La société H I ne justifie d’aucune circonstance, notamment sur l’origine de la panne, permettant de qualifier d’extraordinaire la défaillance technique de l’un des moteurs de l’avion, les problèmes techniques, fussent-ils inopinés, étant inhérents au fonctionnement complexe des aéronefs et elle ne peut dès lors être exonérée de son obligation d’indemnisation.
En application des articles 5 ,6, 7, 8 et 9 du Règlement susvisé, les passagers d’un vol annulé doivent recevoir une indemnisation en fonction de la distance du vol soit en l’espèce 600€, le remboursement du billet et un vol retour vers leur point de départ initial dans les meilleurs délais et doivent en outre, bénéficier d’une prise en charge, en se voyant offrir gratuitement un hébergement à l’hôtel dans le cas où un séjour d’attente d’une ou plusieurs nuits est nécessaire et le transport depuis l’aéroport jusqu’au lieu d’hébergement.
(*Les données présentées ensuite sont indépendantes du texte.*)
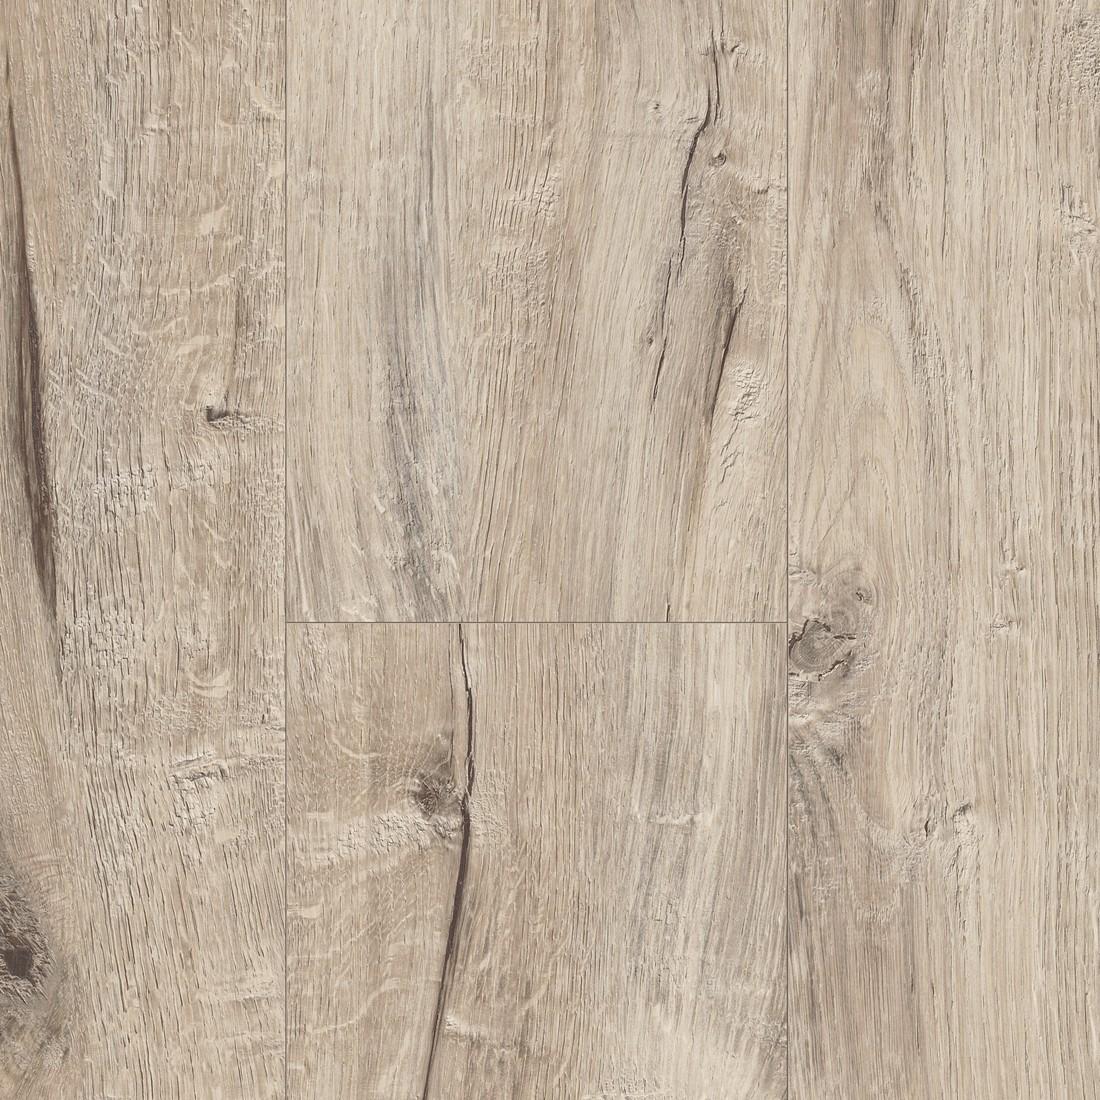 PARADOR Laminat Trendtime 1 Eiche Century geseift Vintagestruktur 4-V-Fuge Stabdiele Artikel-Ne.: 1473910 – Bild 2

L’article 12 d prévoit que règlement s’applique sans préjudice du droit d’un passager à une indemnisation complémentaire.
La société H I ne justifie pas avoir donné à ses passagers une information correcte sur les conditions de retour en France ni leur avoir proposé l’assistance et la prise en charge prévue au règlement et c’est donc légitimement que Z Y ont pris l’initiative d’organiser par elle même leur retour en France sur une autre compagnie pour le 12 août et de retourner sur leur lieu d’hébergement sur l’île de Saint Barthélémy dans l’attente de ce vol retour.
Elles sont donc en droit de réclamer à la compagnie aérienne le coût des billets de retour achetés auprès de la compagnie H FRANCE.
En conséquence le jugement sera confirmé en ce qu’il a condamné la société H I à leur verser la somme de 2294,34€ avec intérêts au taux légal à compter du 6 décembre 2013.
La capitalisation des intérêts sera ordonnée à compter de la demande résultant des conclusions en appel du 22 décembre 2014, en application de l’article 1154 du code civil, dans les conditions qui seront précisées au dispositif.
Les intimées ne réclament aucune autre somme en appel au titre de leur préjudice matériel.
Il apparaît que la société H I a totalement failli à ses obligations d’information et d’assistance en tant que transporteur aérien suite à l’annulation du vol litigieux obligeant Z Y à s’organiser seules pour assurer leur hébergement et leur retour en France dans des délais raisonnables.
Il s’agit de désagréments importants qui leur ont causé un préjudice moral certain justifiant qui leur soit alloué à chacune une somme de 500€ à titre de dommages-intérêts.
Le jugement sera en conséquence infirmé en ce qu’il a débouté les intimées de leur demande de dommages-intérêts en réparation de leur préjudice moral.
Le jugement sera confirmé sur l’article 700 du code de procédure civile et les dépens.
PAR CES MOTIFS
REJETTE l’exception d’incompétence soulevée en appel par la compagnie H I ;
CONFIRME le jugement en toutes ses dispositions sauf en ce qu’il a débouté Z X et D Y de leur demande de dommages-intérêts au titre de leur préjudice moral ;
Statuant à nouveau du chef infirmé,
CONDAMNE la société H I à payer à Mme X Y en son nom personnel et à Mme D Y représentée par Mme X Y la somme de 500€ chacune à titre de dommages-intérêts en réparation de leur préjudice moral ;
Y ajoutant,
DIT que les intérêts échus et impayés depuis plus d’un an à compter du 22 décembre 2014 sur la condamnation au titre du préjudice matériel seront capitalisés pour produire à leur tour des intérêts ;
CONDAMNE la société H I à payer à Mme X Y en son nom personnel et à Mme D Y représentée par Mme X Y la somme de 1500€ au titre de l’article 700 du code de procédure civile ;
LA CONDAMNE aux dépens de l’appel qui pourront être recouvrés directement par la SCP Jeanne BAECHLIN conformément aux dispositions de l’article 699 du code de procédure civile.